The timing of these allegations against Schultz is too coincidental not to be tied to the fact that across the border, the same thing is happening. 

All of this is to say that when Hollywood started going after its predators, women in other industries, especially arts industries, felt they could do the same thing. 

Here’s why that’s important. 

When survivors on the Hollywood A-list come out against their abusers, it’s easier for others with less privilege to do the same. When the women from Soulpepper stepped forward, students at George Brown Theatre School — one of the leading theatre schools in the country — similarly came forward with allegations against one of the school’s acting teachers. 

This then led to conversations about sexual assault at other theatre schools, which ties into the greater conversation of sexual assault on Canadian campuses. 
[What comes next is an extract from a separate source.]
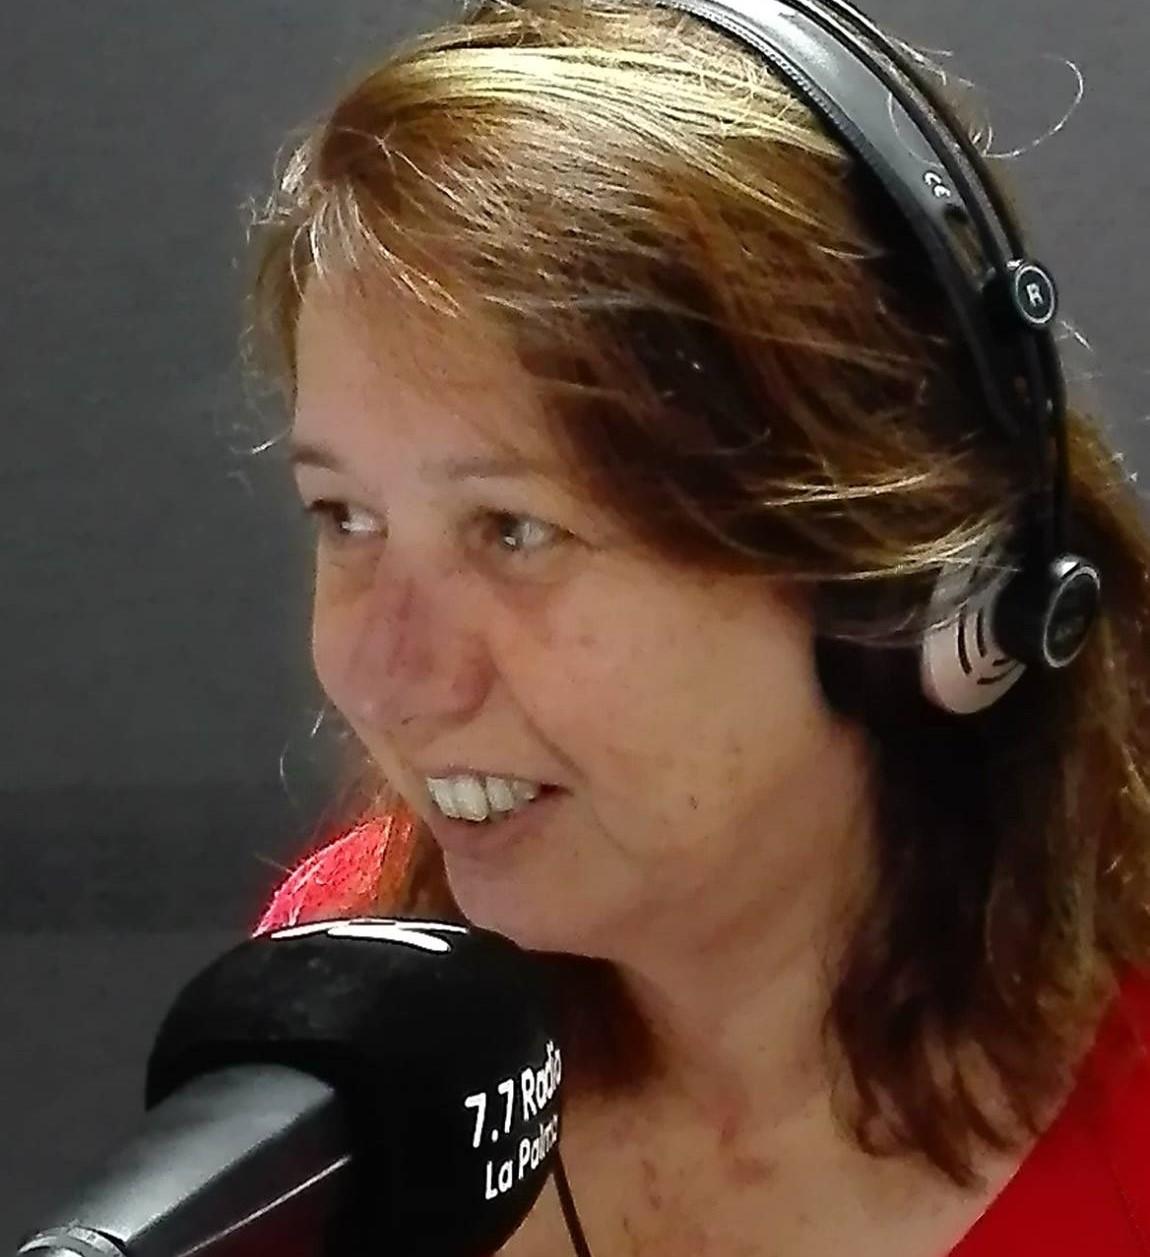 Entrevista Ana Bel Rodríguez – Técnica D.O Queso Palmero   7.7 Radio La Palma
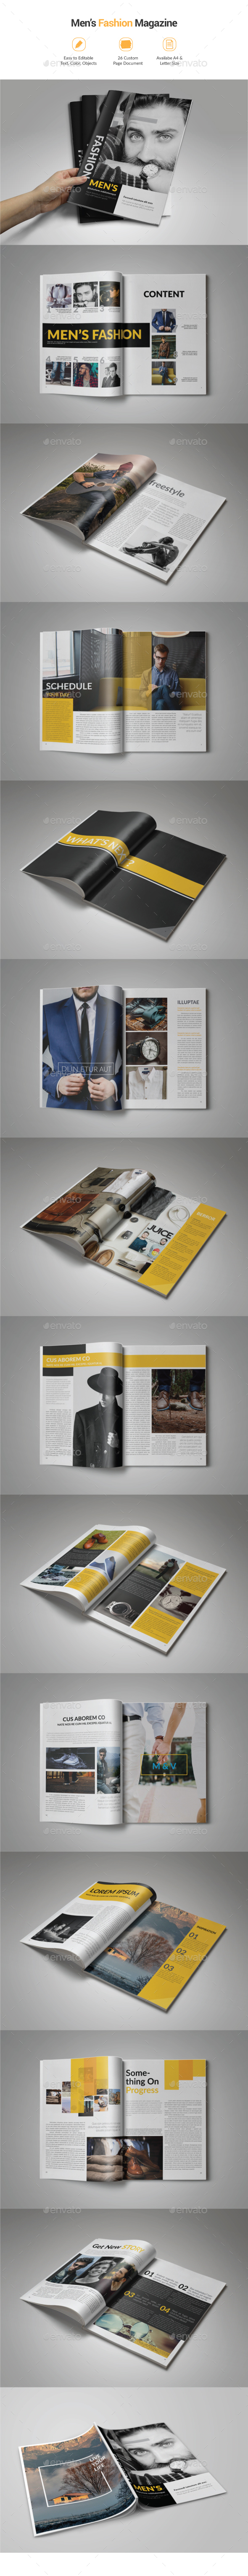 Men's Fashion Magazine - Magazines Print Templates

If this conversation continues to gain momentum, it will  lead to action. That will eventually lead to a full societal shift for all people, regardless of industry. 

However, the movement can’t be truly successful without the support of audiences as well. If the average audience member says that they only watch plays and films by directors who aren’t sexual abusers, that will become a huge step towards creating that societal shift.

By taking into account the character and integrity of the artists and actors we choose to support, we signal that, as viewers, we’ll no longer accept the separation of artists from their art. We all need to examine our own reactions to the accusations that are being levelled against our favourite artists if we want to act in support of the survivors that are stepping forward. 

It can be heartbreaking to find out someone who has been an inspiration to you for so long is actually a predator.  

But after that first instance of hope for your favourite artist, you need to consider the message you’re sending when you continue to endorse them. Are you still advocating for an artist because you truly believe they’re innocent, or because it’s uncomfortable to believe they’re an abuser? Or are you just unwilling to give up the art they’ve produced? 

Would you rather support an alleged abuser or the survivor who made the allegation in the first place?